#### [What the task asks]
Copy the data that follows, character for character, minus the pictures.

#### [Data shown]
- - - -
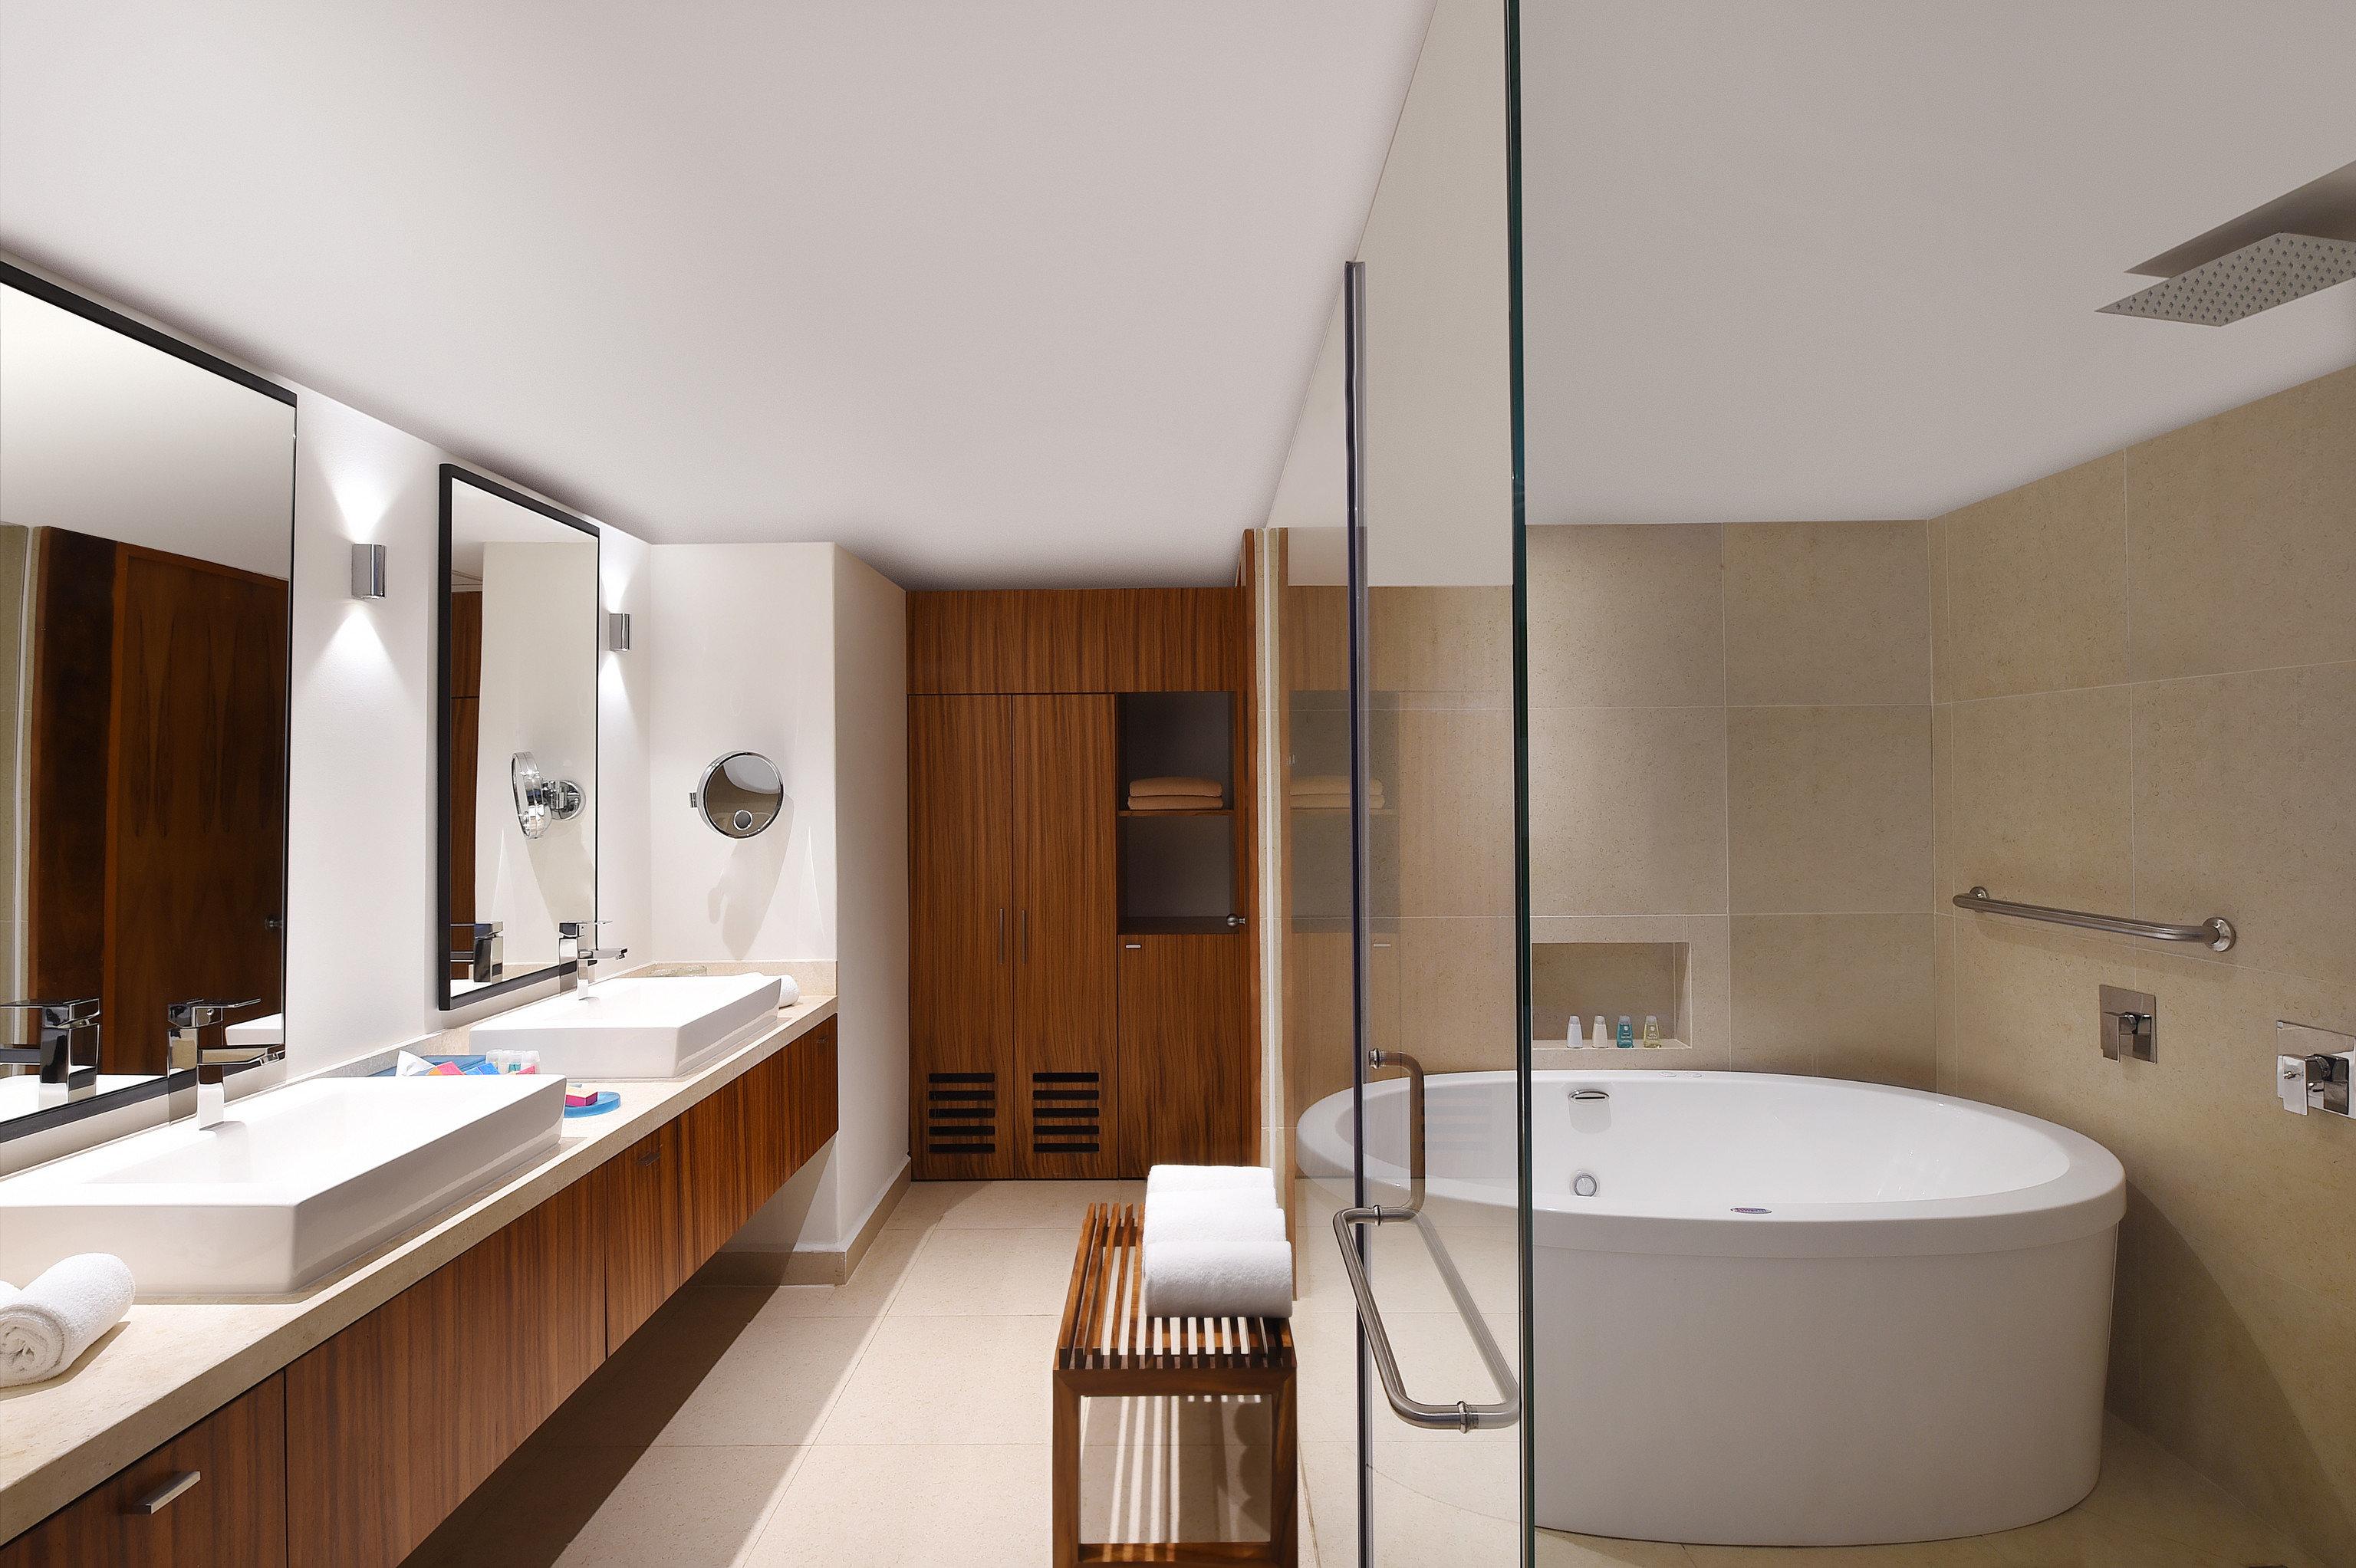 bathroom Architecture sink toilet Suite interior designer tub bathtub Bath
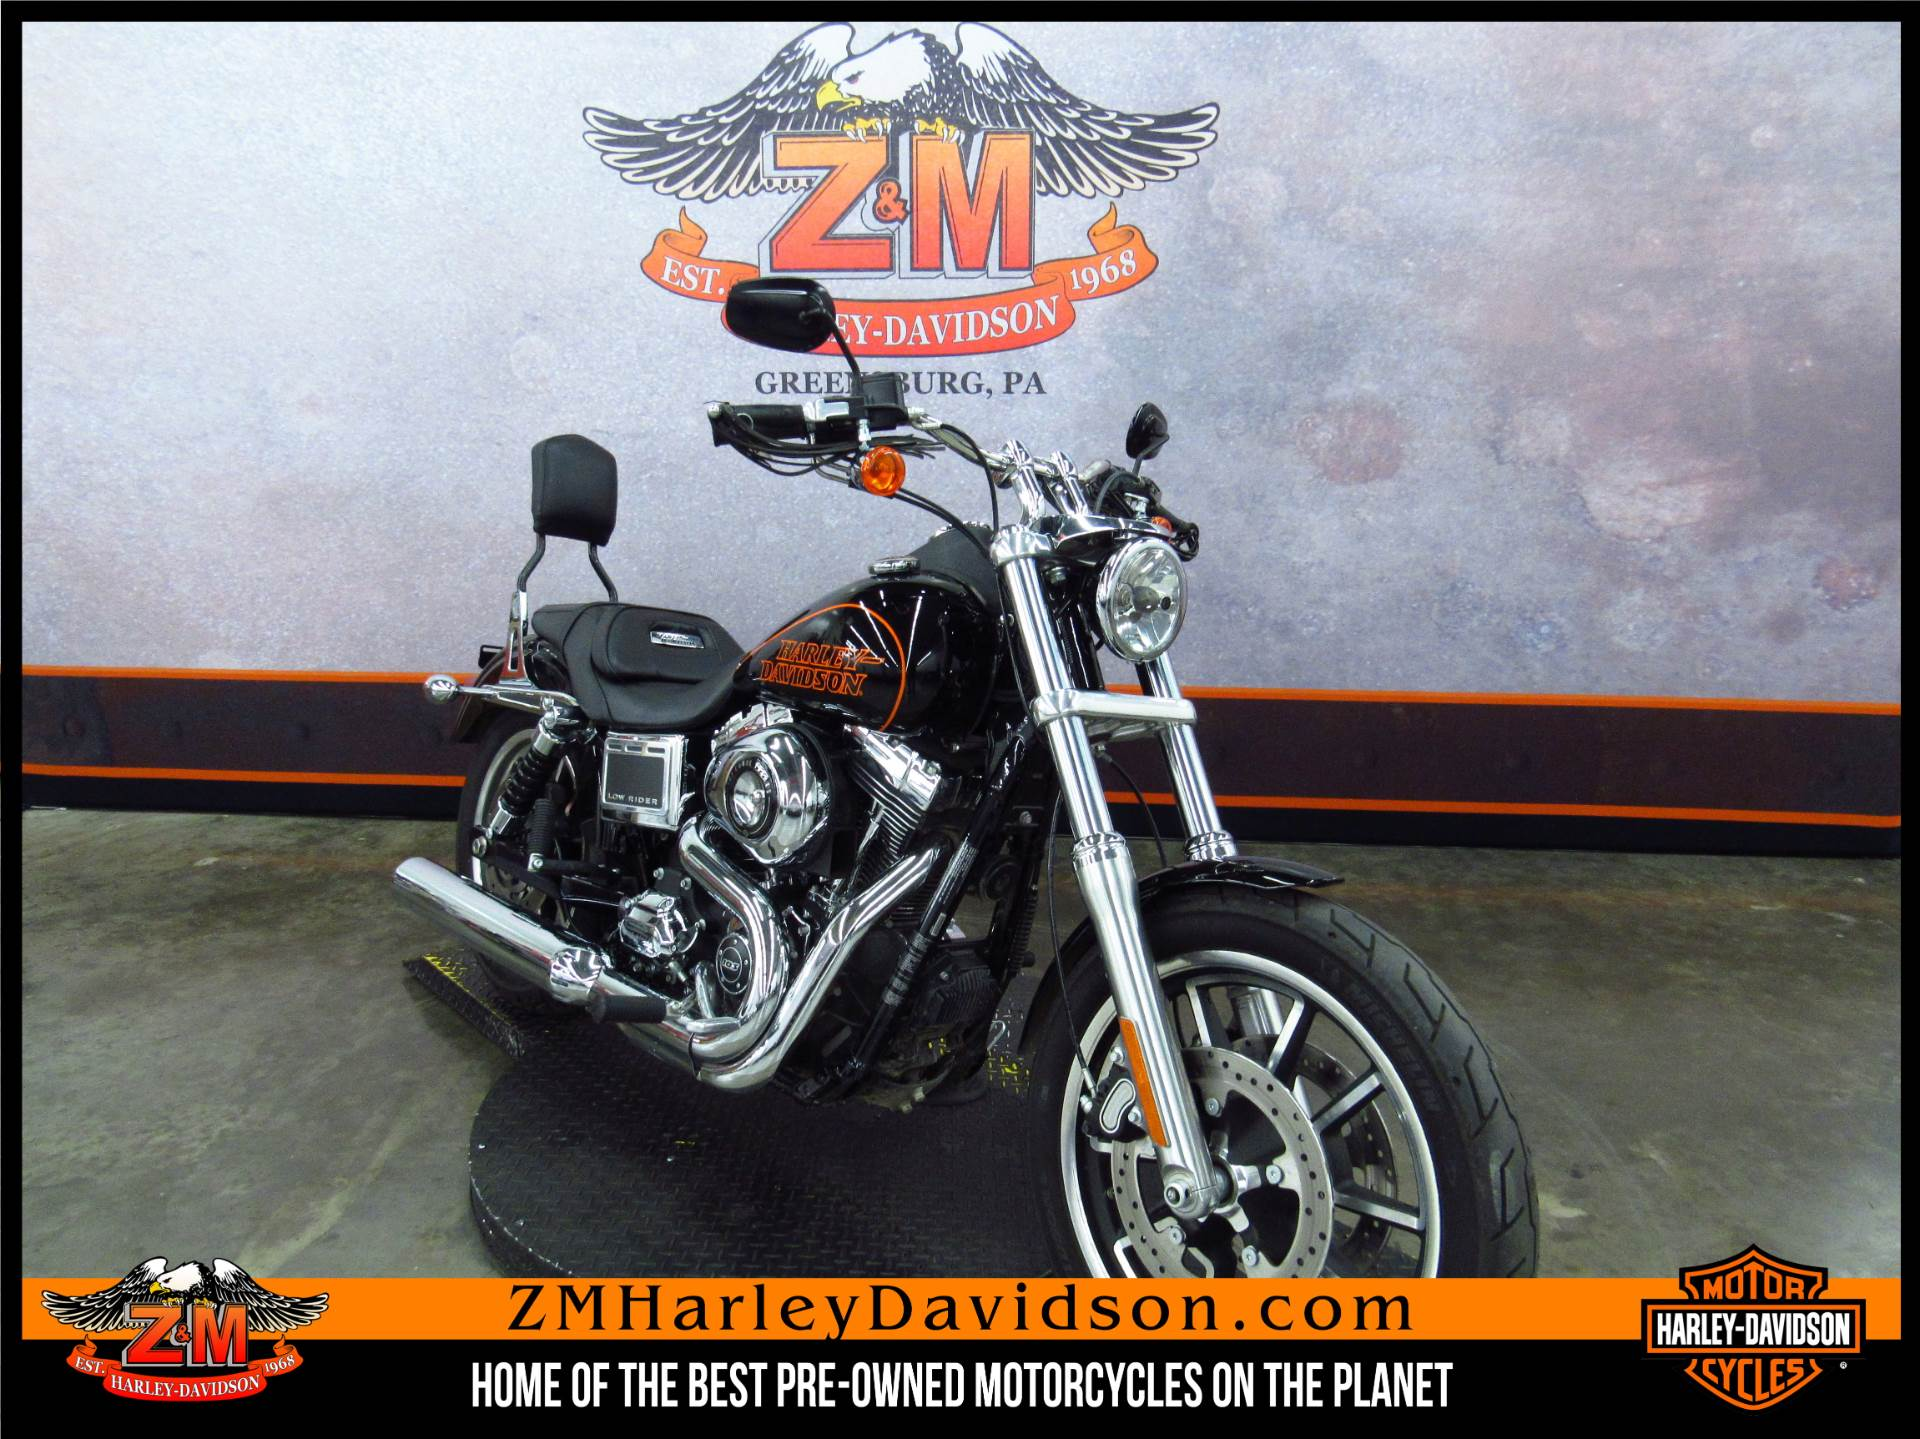 2014 Low Rider
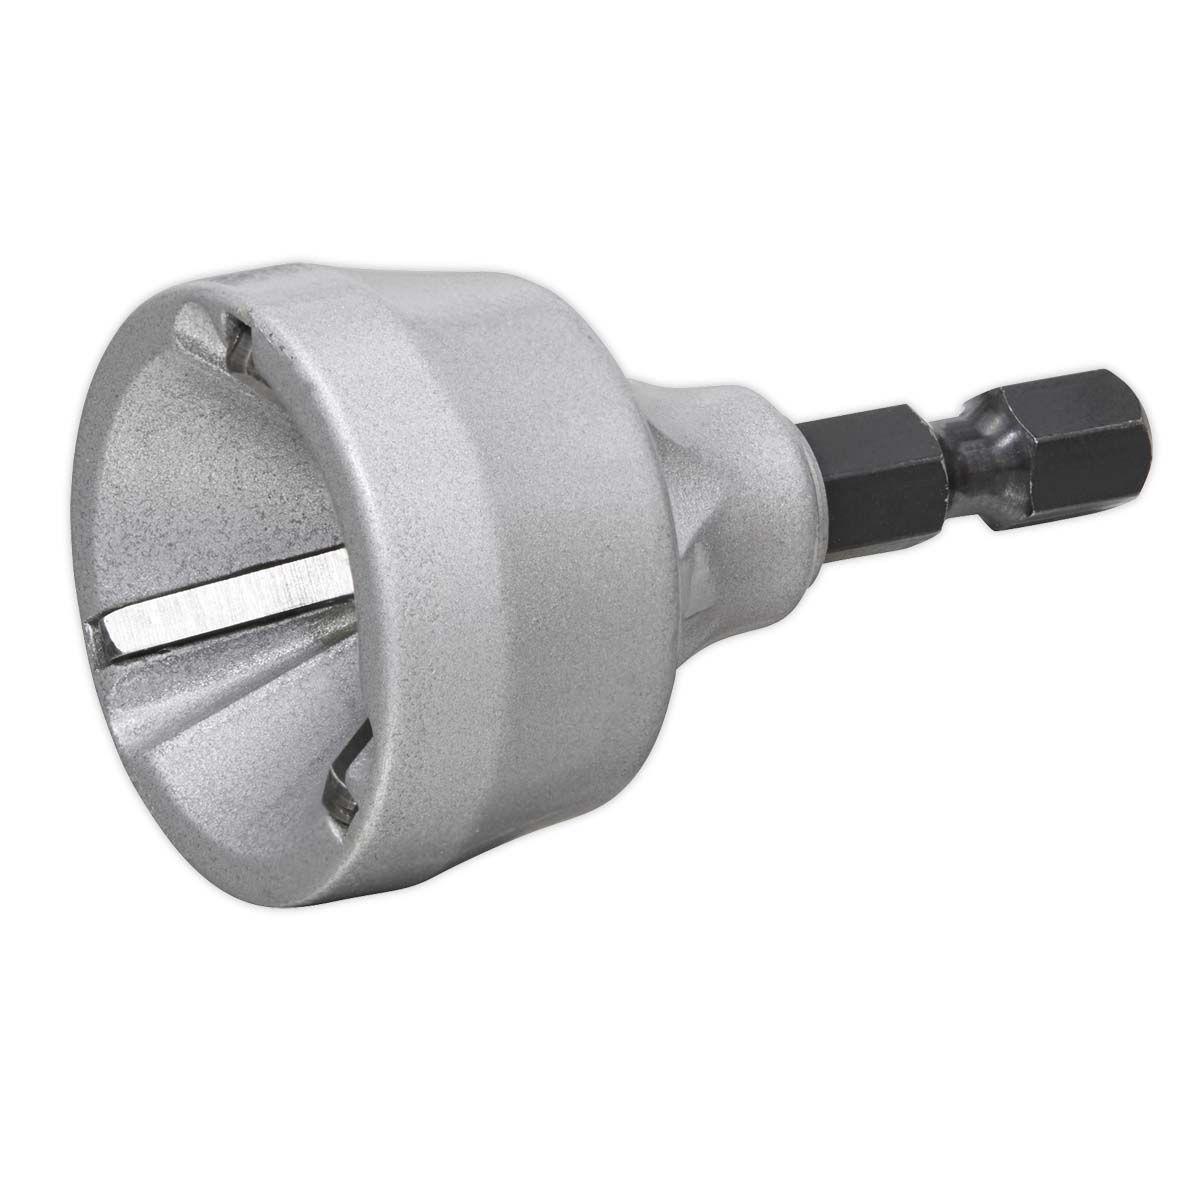 Sealey External Deburring/Chamfer Tool 3-19mm
- - - -
#### [Answer to this exercise]
 bathroom Architecture sink toilet Suite interior designer tub bathtub Bath
 2014 Low Rider
 Sealey External Deburring/Chamfer Tool 3-19mm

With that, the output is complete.